- _Aim of the task_
Reproduce exactly the lines below from the one containing "Jasa Rias Pengantin Muslim Surabaya" through the one containing "Tundora Brown Subtle", including both, and nothing else.

- _Items from a dataset_
···
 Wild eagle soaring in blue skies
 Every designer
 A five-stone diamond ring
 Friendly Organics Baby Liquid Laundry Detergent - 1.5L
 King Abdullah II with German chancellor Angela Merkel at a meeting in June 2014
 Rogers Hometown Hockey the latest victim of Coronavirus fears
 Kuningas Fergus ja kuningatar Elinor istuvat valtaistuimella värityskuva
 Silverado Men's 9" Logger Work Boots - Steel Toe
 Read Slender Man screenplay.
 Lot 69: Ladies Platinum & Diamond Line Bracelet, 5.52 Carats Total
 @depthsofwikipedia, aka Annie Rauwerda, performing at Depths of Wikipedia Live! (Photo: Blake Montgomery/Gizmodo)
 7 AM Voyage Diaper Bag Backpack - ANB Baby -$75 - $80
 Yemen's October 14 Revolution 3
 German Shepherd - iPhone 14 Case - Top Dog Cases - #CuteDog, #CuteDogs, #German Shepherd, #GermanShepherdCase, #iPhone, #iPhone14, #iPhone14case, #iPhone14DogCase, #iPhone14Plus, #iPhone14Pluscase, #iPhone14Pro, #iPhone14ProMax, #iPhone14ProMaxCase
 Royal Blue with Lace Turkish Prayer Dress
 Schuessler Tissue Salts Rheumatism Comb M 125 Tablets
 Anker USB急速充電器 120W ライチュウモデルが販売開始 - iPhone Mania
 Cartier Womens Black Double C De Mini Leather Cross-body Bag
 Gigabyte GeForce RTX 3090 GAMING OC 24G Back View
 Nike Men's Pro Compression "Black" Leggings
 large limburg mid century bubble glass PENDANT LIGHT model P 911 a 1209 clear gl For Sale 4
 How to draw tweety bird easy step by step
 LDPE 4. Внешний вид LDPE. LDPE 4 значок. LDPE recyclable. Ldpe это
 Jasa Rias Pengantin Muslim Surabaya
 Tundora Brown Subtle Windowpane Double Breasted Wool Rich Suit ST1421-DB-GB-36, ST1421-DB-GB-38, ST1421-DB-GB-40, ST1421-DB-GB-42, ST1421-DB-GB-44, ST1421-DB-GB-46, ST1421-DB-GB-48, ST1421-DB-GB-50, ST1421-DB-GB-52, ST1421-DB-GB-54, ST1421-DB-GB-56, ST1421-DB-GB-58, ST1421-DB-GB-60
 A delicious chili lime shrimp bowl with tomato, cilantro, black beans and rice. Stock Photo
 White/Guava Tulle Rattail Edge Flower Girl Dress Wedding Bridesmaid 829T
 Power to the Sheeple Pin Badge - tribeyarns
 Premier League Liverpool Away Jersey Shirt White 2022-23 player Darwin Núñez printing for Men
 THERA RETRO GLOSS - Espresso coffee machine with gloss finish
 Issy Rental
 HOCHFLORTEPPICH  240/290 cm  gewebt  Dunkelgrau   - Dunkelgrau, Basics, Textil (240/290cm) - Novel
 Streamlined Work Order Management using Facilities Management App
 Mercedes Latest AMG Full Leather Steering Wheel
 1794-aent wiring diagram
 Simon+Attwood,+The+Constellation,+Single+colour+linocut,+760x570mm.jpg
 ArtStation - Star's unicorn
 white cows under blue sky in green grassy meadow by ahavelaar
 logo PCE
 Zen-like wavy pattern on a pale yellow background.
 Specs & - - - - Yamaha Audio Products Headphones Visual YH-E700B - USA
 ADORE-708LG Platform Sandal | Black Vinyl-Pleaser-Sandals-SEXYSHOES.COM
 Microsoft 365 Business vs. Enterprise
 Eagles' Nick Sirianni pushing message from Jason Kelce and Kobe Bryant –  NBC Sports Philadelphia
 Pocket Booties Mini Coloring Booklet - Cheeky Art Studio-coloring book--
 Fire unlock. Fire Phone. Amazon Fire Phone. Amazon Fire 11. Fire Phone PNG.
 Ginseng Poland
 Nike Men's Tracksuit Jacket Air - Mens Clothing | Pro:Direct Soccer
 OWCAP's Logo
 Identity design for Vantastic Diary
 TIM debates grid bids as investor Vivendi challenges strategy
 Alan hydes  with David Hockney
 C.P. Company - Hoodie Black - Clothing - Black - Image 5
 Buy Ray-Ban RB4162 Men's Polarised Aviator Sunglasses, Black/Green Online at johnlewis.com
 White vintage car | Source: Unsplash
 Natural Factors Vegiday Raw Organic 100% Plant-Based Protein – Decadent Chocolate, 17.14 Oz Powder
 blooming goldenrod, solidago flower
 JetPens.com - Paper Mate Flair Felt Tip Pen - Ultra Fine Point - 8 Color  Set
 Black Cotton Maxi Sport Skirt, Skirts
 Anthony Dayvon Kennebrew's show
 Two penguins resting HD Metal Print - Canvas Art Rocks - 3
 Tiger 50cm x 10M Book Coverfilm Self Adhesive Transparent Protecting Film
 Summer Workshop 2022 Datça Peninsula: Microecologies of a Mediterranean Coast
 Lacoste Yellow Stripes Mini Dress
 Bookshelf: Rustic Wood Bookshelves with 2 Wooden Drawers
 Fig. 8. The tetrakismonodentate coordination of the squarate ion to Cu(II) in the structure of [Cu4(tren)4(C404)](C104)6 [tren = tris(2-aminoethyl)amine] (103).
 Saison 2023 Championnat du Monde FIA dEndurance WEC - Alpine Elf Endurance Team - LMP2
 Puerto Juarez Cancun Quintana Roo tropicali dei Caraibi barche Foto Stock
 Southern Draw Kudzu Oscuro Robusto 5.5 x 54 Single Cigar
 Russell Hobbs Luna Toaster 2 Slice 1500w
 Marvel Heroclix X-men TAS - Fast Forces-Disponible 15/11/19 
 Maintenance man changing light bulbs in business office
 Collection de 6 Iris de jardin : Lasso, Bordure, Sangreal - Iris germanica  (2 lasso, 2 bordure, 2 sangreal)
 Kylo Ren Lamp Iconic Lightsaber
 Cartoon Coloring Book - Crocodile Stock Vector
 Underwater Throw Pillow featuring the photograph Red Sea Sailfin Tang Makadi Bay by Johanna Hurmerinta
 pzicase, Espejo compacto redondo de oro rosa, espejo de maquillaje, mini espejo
···
- _Exercise solution_
 Jasa Rias Pengantin Muslim Surabaya
 Tundora Brown Subtle Windowpane Double Breasted Wool Rich Suit ST1421-DB-GB-36, ST1421-DB-GB-38, ST1421-DB-GB-40, ST1421-DB-GB-42, ST1421-DB-GB-44, ST1421-DB-GB-46, ST1421-DB-GB-48, ST1421-DB-GB-50, ST1421-DB-GB-52, ST1421-DB-GB-54, ST1421-DB-GB-56, ST1421-DB-GB-58, ST1421-DB-GB-60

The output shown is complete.